To clarify, Gatsby doesn’t have a graphical user interface. There’s no way to log into it. Unless you're a developer, you’re probably not going to interact with Gatsby.
Integrating Gatsby with a CMS
The Gatsby development team and their partners have put a mountain of effort into building plugins for connecting with various content management systems. Remember that Gatbsy doesn’t have a graphical UI, so plugins are configured within Gatsby’s codebase. However, they’re just a couple of lines of code and do most of the heavy lifting in connecting to a new CMS.
Over the past five years, a swarm of new headless content management systems have arrived on the market. Here are the most popular names on the market:
- Netlify CMS
- Headless WordPress
Browsing through this list, you might be wondering what “headless” means. I won’t go into detail because I’ve gone into depth on this topic in my article, covering everything you need to know about headless eCommerce.
To get your headless content management system connected with Gatsby, you’ll first need to sign up for an account and potentially a paid membership. Most modern CMS’s have a free-tier for small businesses but can get quite expensive to unlock all their features (especially Contentful).
Once you’ve signed up, you or your developer needs to configure Gatsby with the CMS plugin. Depending on the content across your site you want to be able to modify, there can be a fair bit of development work required at this point.
The Clean Commit team has built dozens of Gatsby websites over the past few years. On average, a new 15 - 20 page website will take around 100 to 150 hours of development effort to build and integrate with a CMS.
Do I need a CMS for Gatsby?
I find writing posts in a nice content management system a lot easier for a couple of reasons. Firstly, grabbing images from your local device storage without having to write a path to the file is quicker and easier. Secondly, it’s nice to see how the content will look when laid out on the page instead of being contained in an integrated development environment.

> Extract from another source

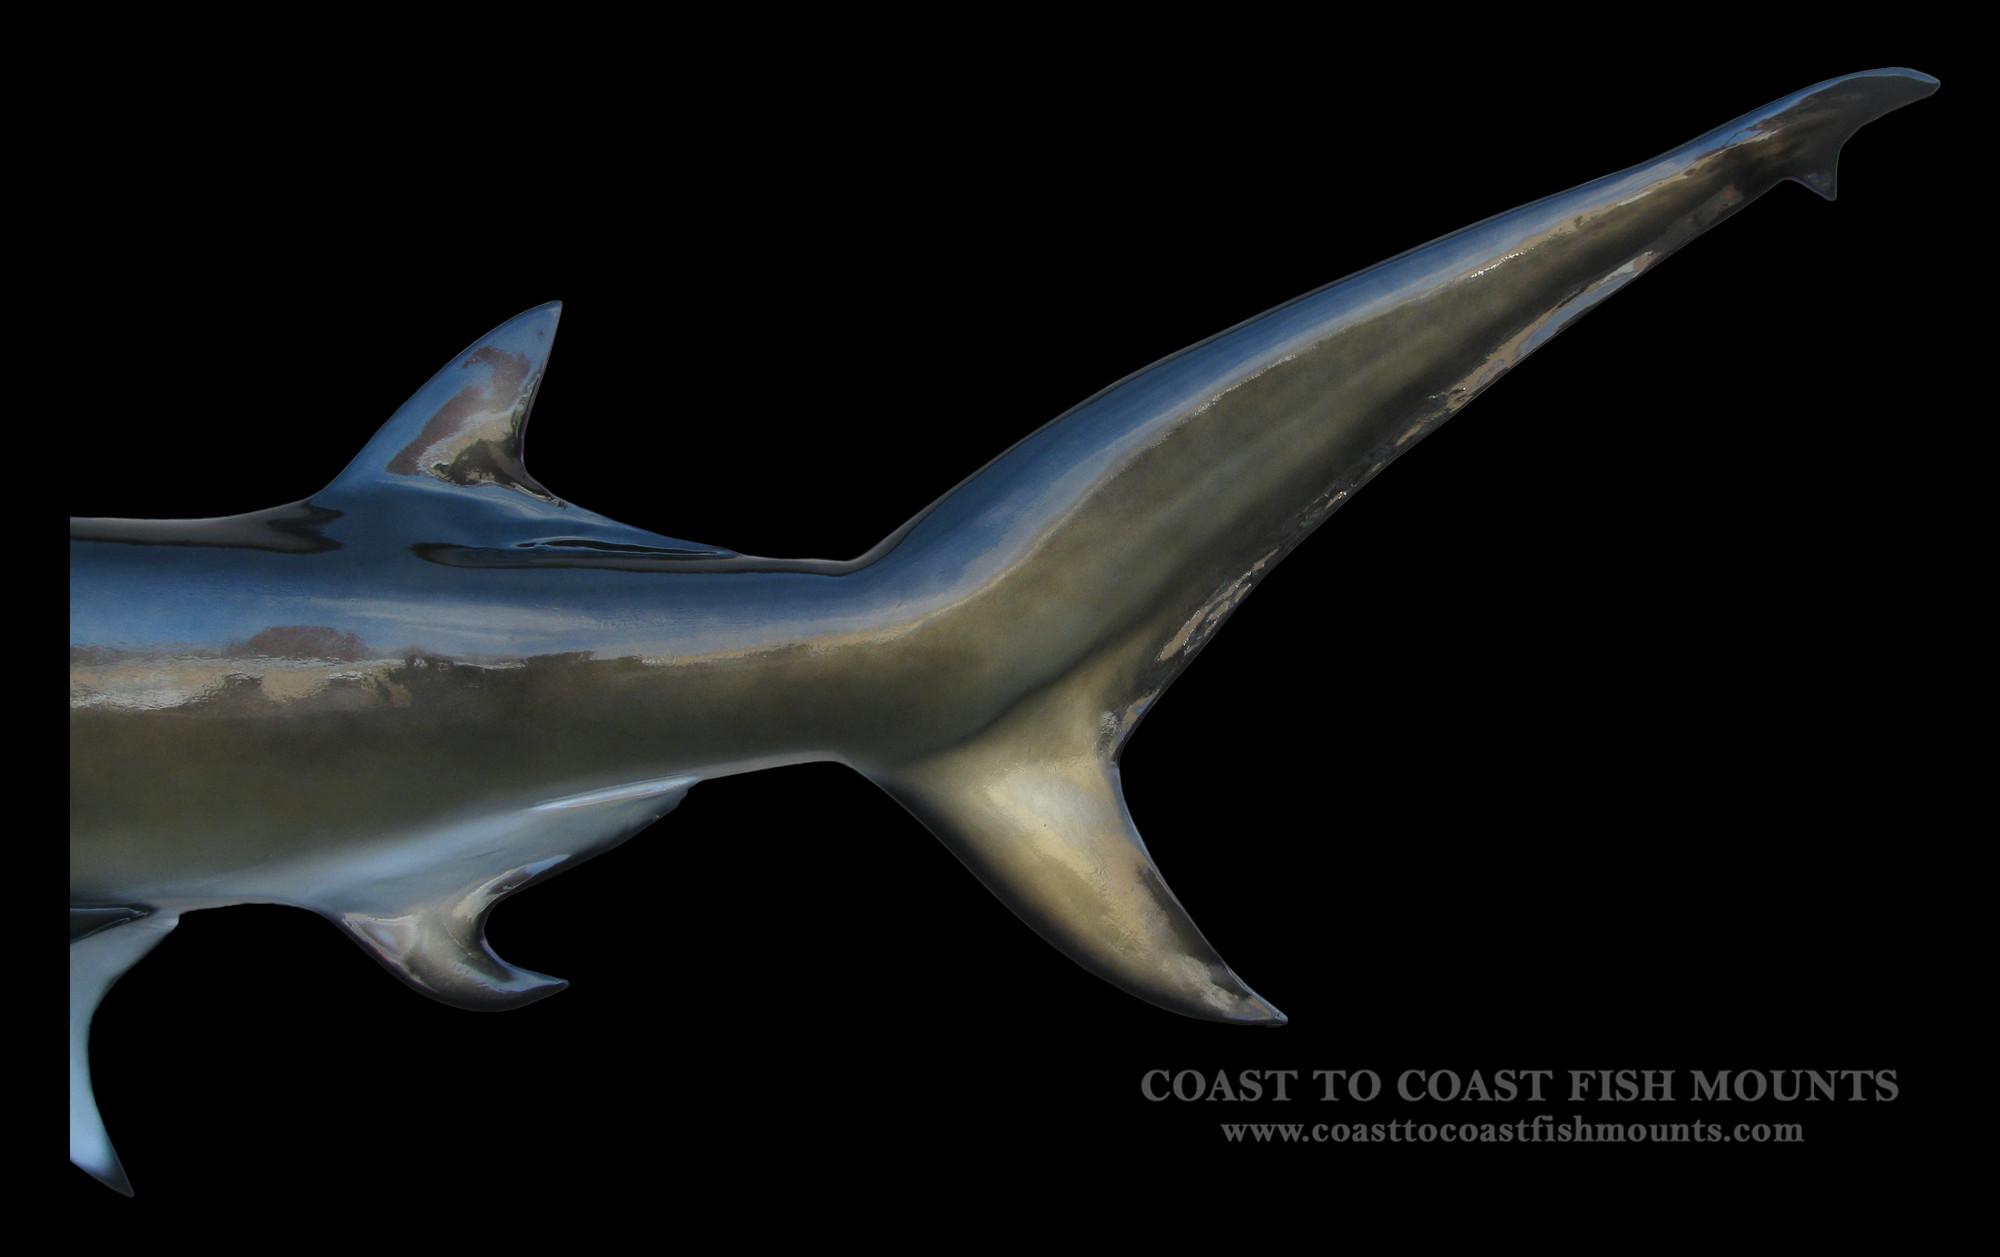 hammerhead shark fish mount and fish replicas coast to coast

Developers may argue this point. If you’re used to writing code all day, then you probably love the opportunity to write posts in markdown. For the other 99.9999% of the population, this way of managing a website is tedious.
Not to mention, if changes are required to any page across the site, they’ll need to be made directly in the codebase. For instance, changing an image on your site’s homepage requires changing the image path, rebuilding and redeploying your site.
How do I use Gatsby on WordPress?
To use Gatsby on WordPress, the two systems need to be integrated with three plugins. For WordPress; WPGatsby, WPGraphQL and for Gatsby, the WordPress plugin. However, Gatsby is not a plugin or theme to be installed into WordPress.
The best way to think about the relationship between Gatsby and WordPress is that Gatsby contains all the rules for how the user interface will display, while WordPress provides the tools for making easy content changes.
When you introduce Gatsby, WordPress forfeits control over how the user interface looks. The customer-facing part of the WordPress theme is replaced by Gatsby.
Unlike WordPress, with Gatsby there’s no way to use a drag-and-drop builder (i.e. Divi or Elementor) to build new pages. All visual changes on the site now need to be made through code.
This is an important consideration if you’re thinking about adding Gatsby into your existing website. This kind of change needs to involve a technical team to guide you through the process. More often than not, it makes sense to completely rebuild the look and feel of a website when introducing Gatsby into the architecture. We go into more detail in our article all about WordPress vs Gatsby.
What is the Gatsby Theme?
Gatsby does have themes. They’re a quick way of packaging up the configuration and features of an existing Gatsby project to share. They’re also called “starters” because they lay some of the groundwork for a new website but require additional customisation before the site can be considered complete.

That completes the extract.